8. The busbar connector according to any one of claims 6 to 7, characterized in that, At least two monitoring terminals are grouped together, and the bent sections (21) of at least two monitoring terminals in the same group are arranged at intervals in the insertion direction of the insulating plate (19).

9. The busbar connector according to any one of claims 6 to 7, characterized in that, The number of perforations (20) is at least two, and the perforations (20) are arranged in a one-to-one correspondence with the curved sections (21).

10. The busbar connector according to any one of claims 6 to 7, characterized in that, The circuit board (24) is provided with a snap-fit flange (26), and the insulating board (19) is provided with a slot (31). The circuit board (24) is fixed on the insulating board (19) by the snap-fit flange (26) and the slot (31).

11. The busbar connector according to claim 6, characterized in that, The insulating plate (19) of the monitoring component (17) is provided with first stop grooves (28) on both sides of its width direction. The connector housing (11) is provided with insertion holes (43) on both sides of the insulating plate (19) in the width direction. The two insertion holes (43) are respectively fitted with first pins and second pins that are stopped and cooperated with the corresponding first stop grooves (28).

12. The busbar connector according to claim 11, characterized in that, The signal terminal (15) and power terminal (12) are arranged along the width direction of the insulating plate (19). The signal terminal (15) is provided with a second stop groove (40), and the power terminal (12) is provided with a third stop groove (41). The first pin and the second pin both include a first stop arm (33) and a second stop arm (34). The first stop arm (33) of the two pins respectively stops and cooperates with the corresponding first stop groove (28). The second stop arm (34) of the first pin stops and cooperates with the second stop groove (40). The second stop arm (34) of the second pin stops and cooperates with the third stop groove (41).

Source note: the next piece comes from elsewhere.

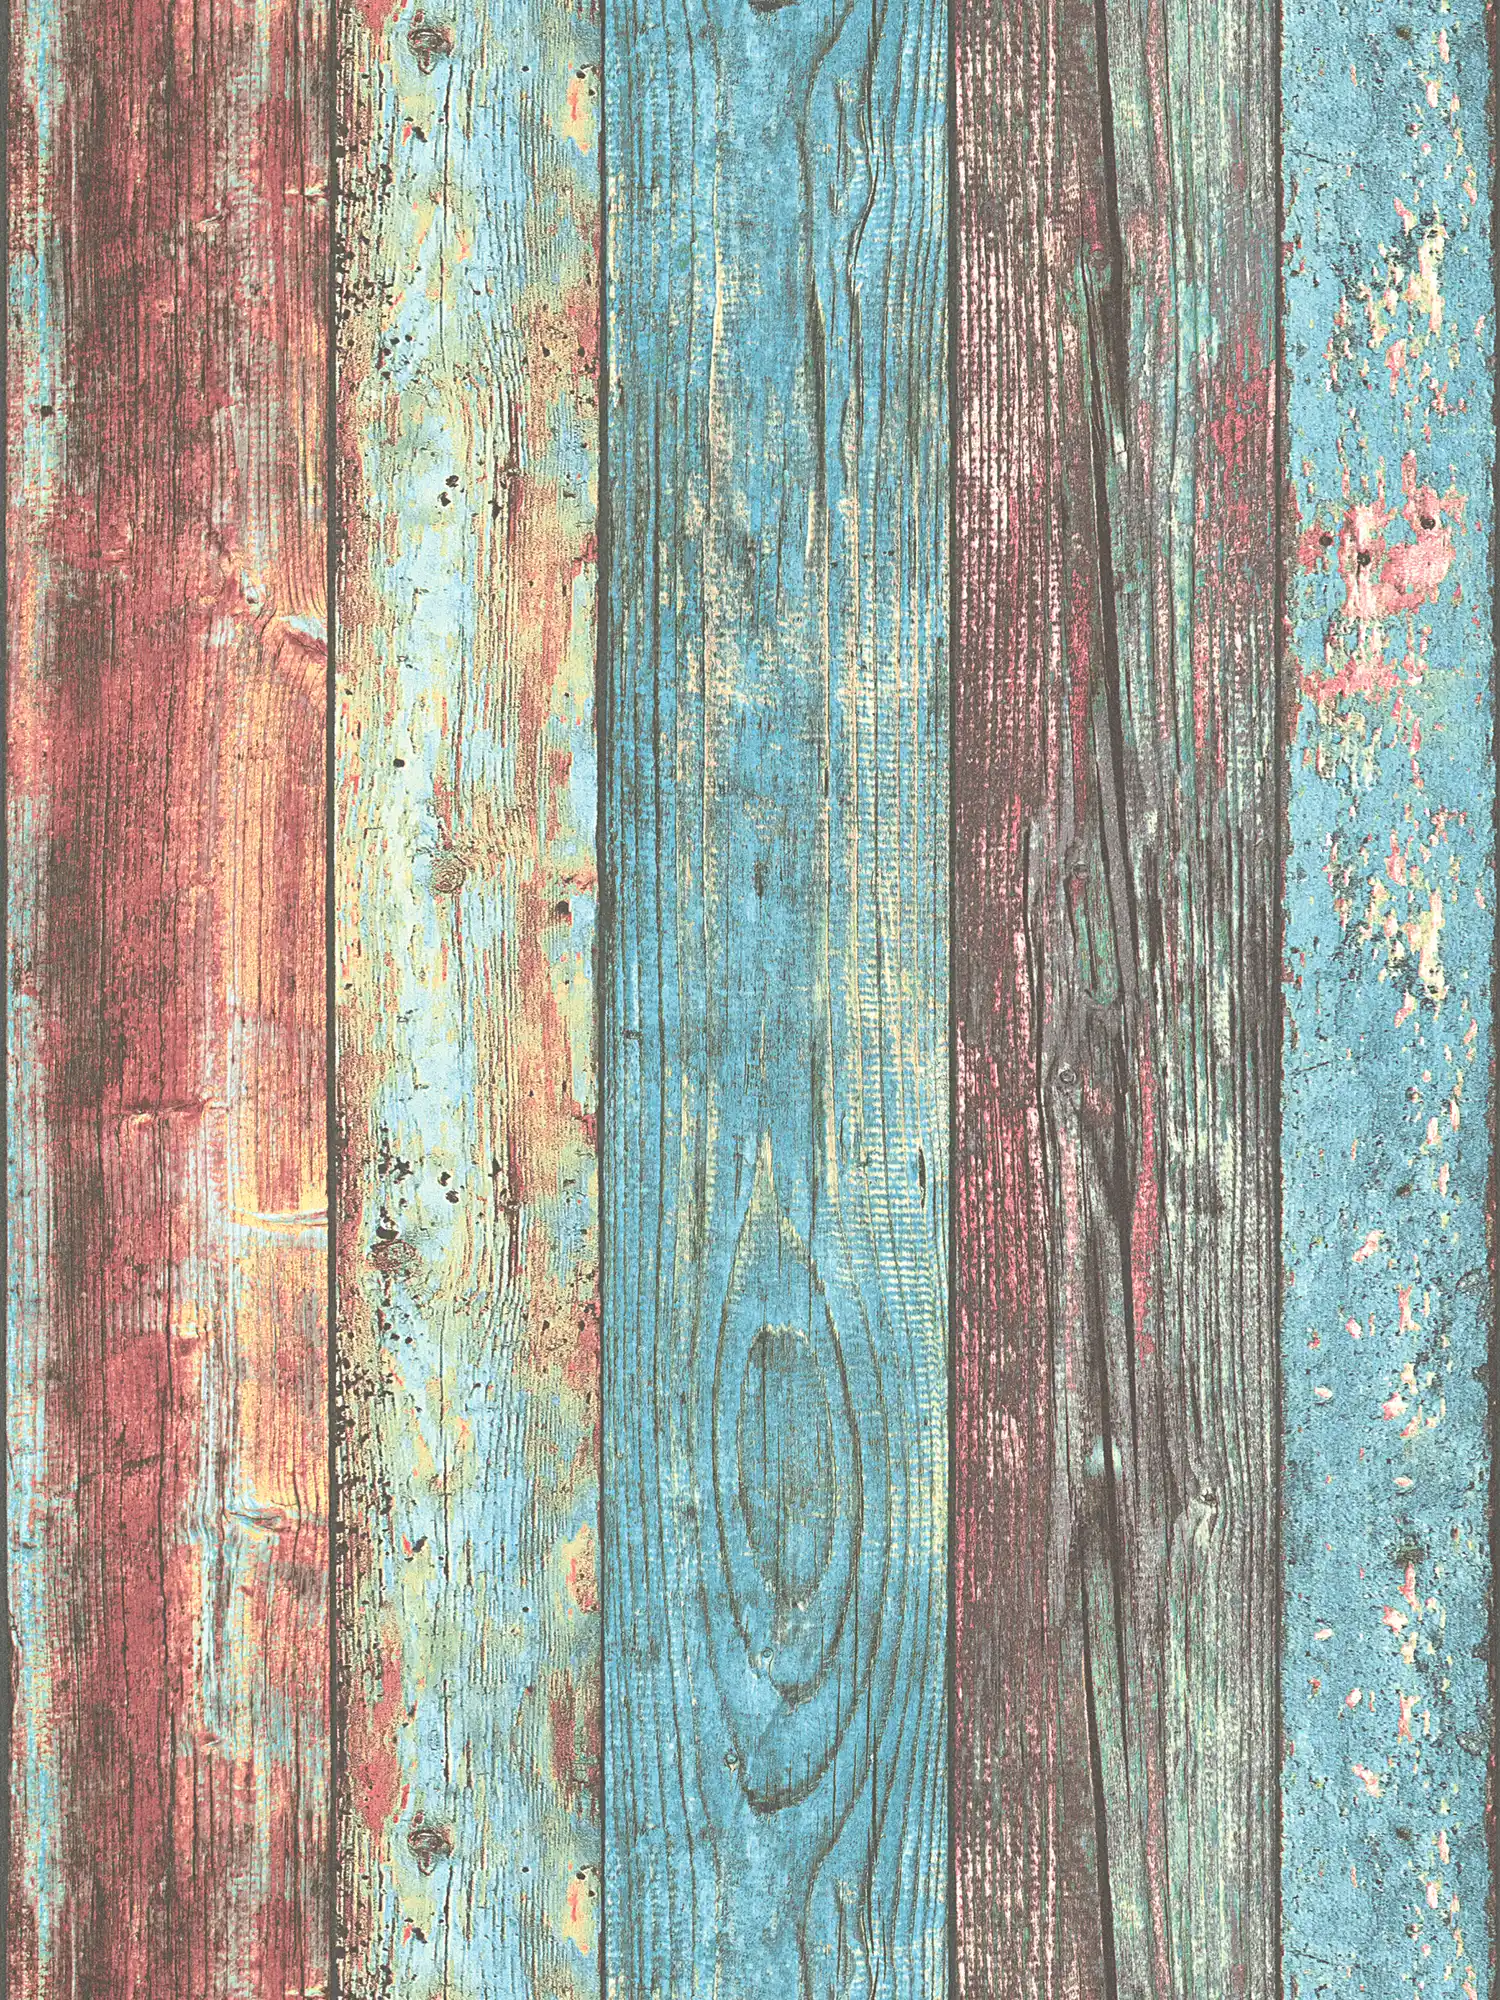 Kleurrijk houtbehang Shabby Chic stijl met bordpatroon - blauw, rood, bruin

13. The busbar connector according to claim 12, characterized in that, The power terminal is provided with a third stop groove (41) on both sides of the insulation plate (19) in the width direction. A stop flange (37) is provided in the third stop groove (41). The second stop arm (34) of the second pin is stopped and engaged with the stop flange (37) in the two third stop grooves (41).

14. The busbar connector according to claim 13, characterized in that, The connector housing (11) is provided with a support hole (45) for supporting the overhanging end of the second stop arm (34) for supporting the second pin.

15. The busbar connector according to claim 11, characterized in that, The first pin and the second pin are respectively engaged and fixed in the corresponding socket (43).